To Improve Your Blog Branding

I do realize that many readers may not have direct access to their site’s design. Saying, “Just update the blog” may come across a bit like telling someone who’s hungry to start a bakery. It is difficult. But it is, I promise, the most effective thing you can do long term. If you don’t hold the keys to the site, appeal to those who do. Publishing is only growing more crowded and this will only grow more important.

The good news for some is that you don’t need permission from the entire business to revamp your content’s brand. Lots of content teams take an “ask for forgiveness” approach and only after they’ve proven its success, pitch it to the entire company. You can even experiment by branding specific channels to see how audiences react.

Take Duolingo for instance. The language learning app has a mission that’s staid and corporate: “Personalized learning.” But its podcast is a tour de force of soaring, emotional promise: “To help you learn and expand your view of the world.” While the app is full of fake-feeling scenarios like “Let’s find the library,” the podcast interviews people about their lives and covers tough topics like genocide, kidnapping, and gender rights. I don’t know who created the podcast, but it has my undying loyalty, and that transfers onto the parent brand.

A Four-Step Process for Blog Re-Branding

1. Decide what you’re promising your audience

Write a mission statement (what you do) and a vision statement (the change you’d like to see) that are specific to the blog. What do you stand for? How will you achieve it? Who is the blog intended to help?
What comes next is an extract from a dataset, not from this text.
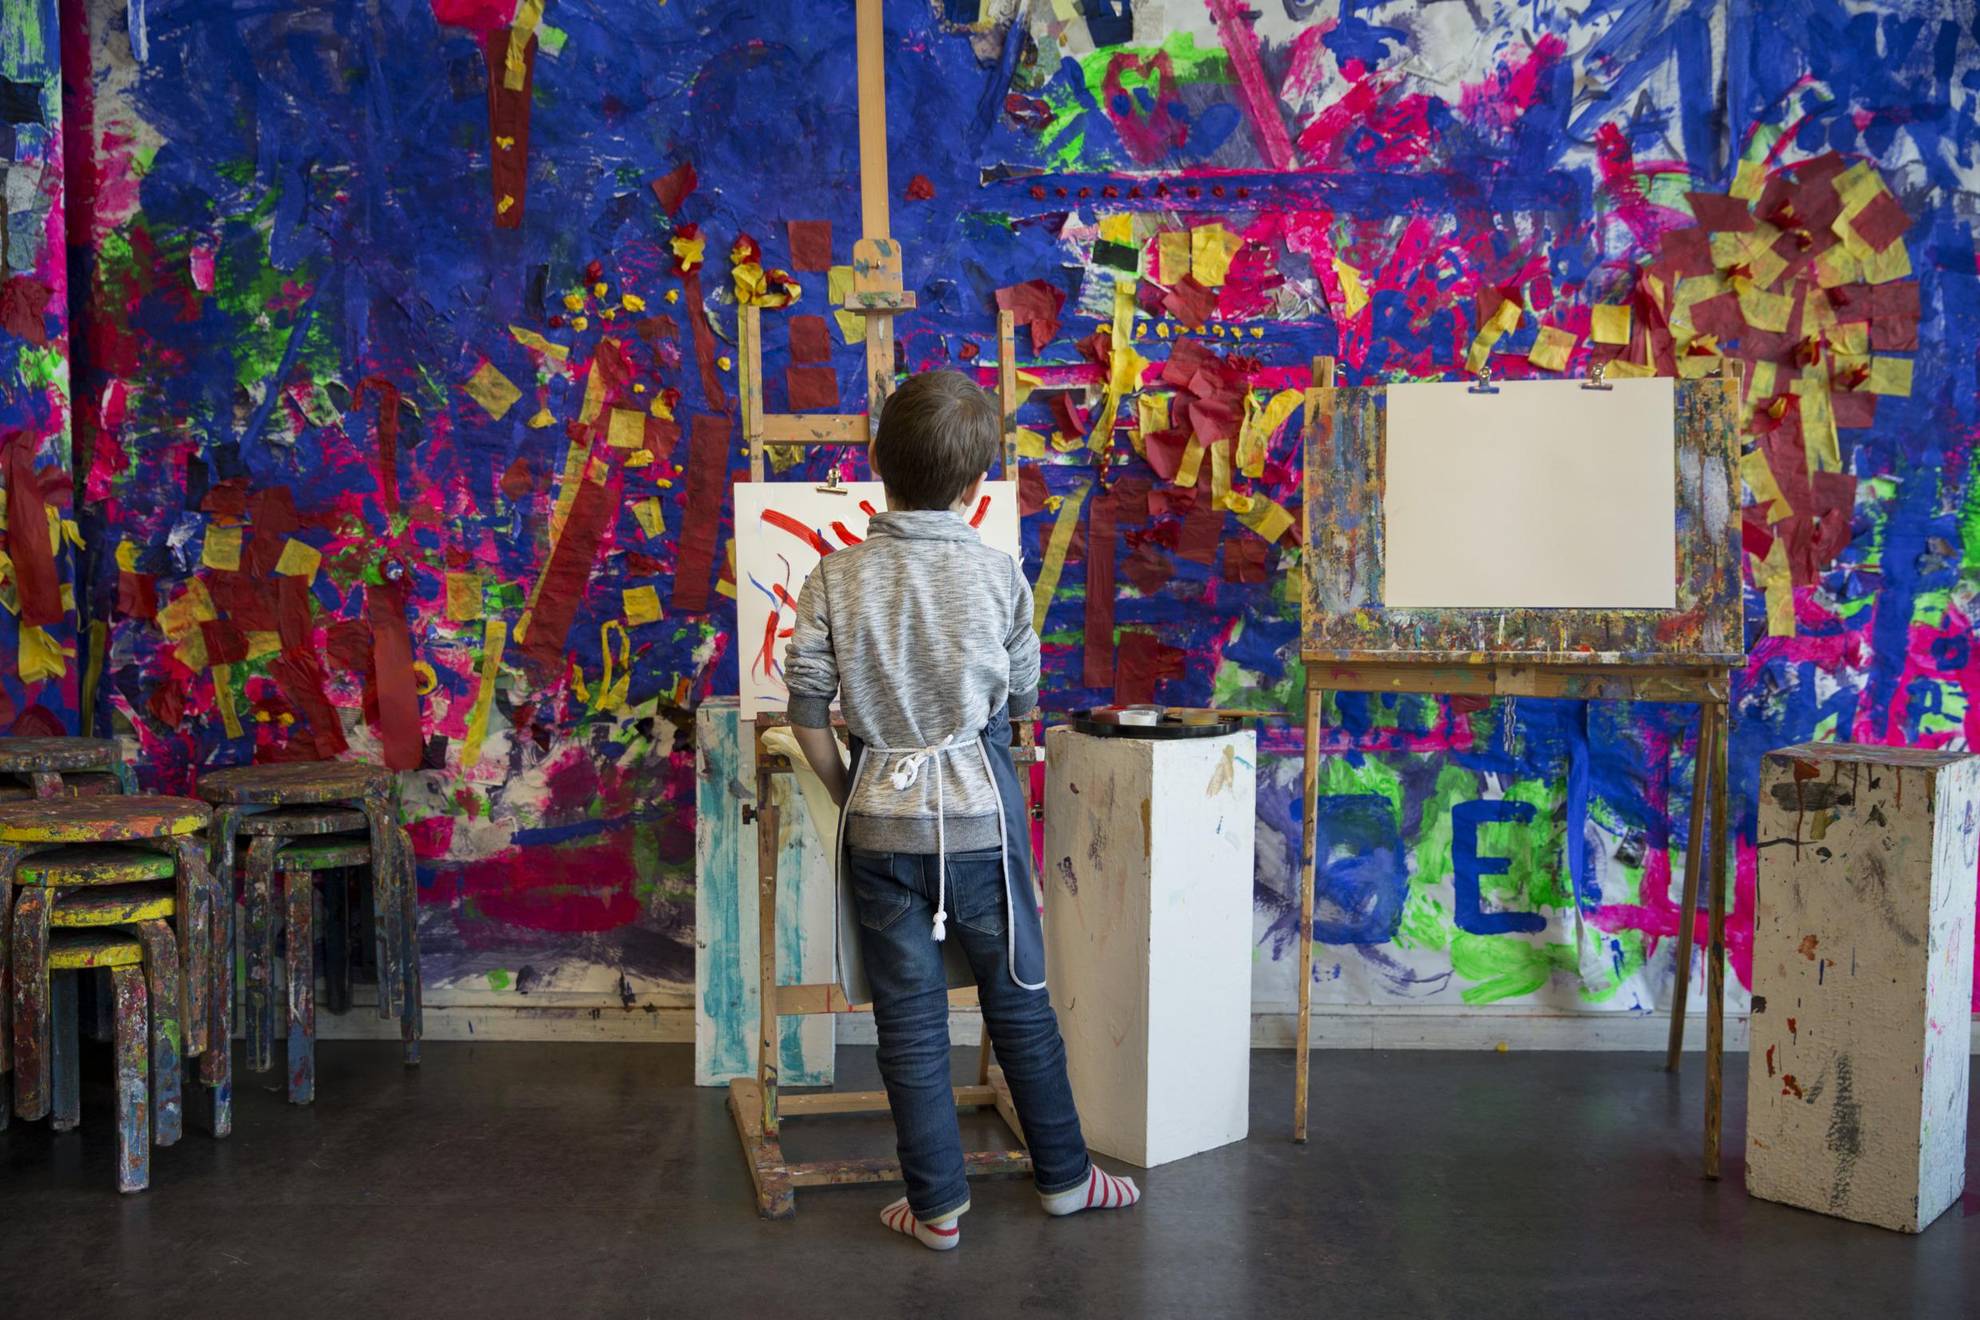 In Room for Children is een jongen aan het schilderen op een doek dat op een ezel is opgesteld. De achtergrondmuren en stoelen zijn bedekt met verf.

2. Alter the blog to make your position clear

If needed, rename your publication to fit that vision. (There are no wrong names except, “Blog.”) Add a one-sentence tagline that summarizes the mission and links to an “about us” page that goes into further detail. Then, the design changes. If you are missing any of those pictured, add them to your site. They are crucial for helping readers understand who the sender is and vital if you, the publisher, are to build a relationship that makes them want to click.

3. Devise and uphold strict editorial standards

Where many corporate blogs go wrong is they’re a bit of everything for everybody. Which means that rather than thrill one audience so much they’ll click anything you write, it bores everyone equally.

To uphold your standards, publish a mini style guide, which is easier than it sounds. As you take or receive feedback, collect all of those preferences in one document that serves as a checklist for anyone writing for the blog.

To ensure you publish only the highest quality stories, manage a content backlog and accept only on-brand stories. Then, edit ruthlessly to ensure consistency and quality.

4. Defend the brand

By now you understand the value of clear and precise blog branding. But these topics probably aren’t generally understood within your company and you’ll have to educate others about the necessity of narrowing your focus to increase your effectiveness. Publish a blog guideline which begins by explaining the blog brand and its importance. Then, decline off-brand stories, partnerships, channels, so you can focus on your mission. When you have a strongly branded blog where people recognize you simply by the topics of stories you choose, it will sing.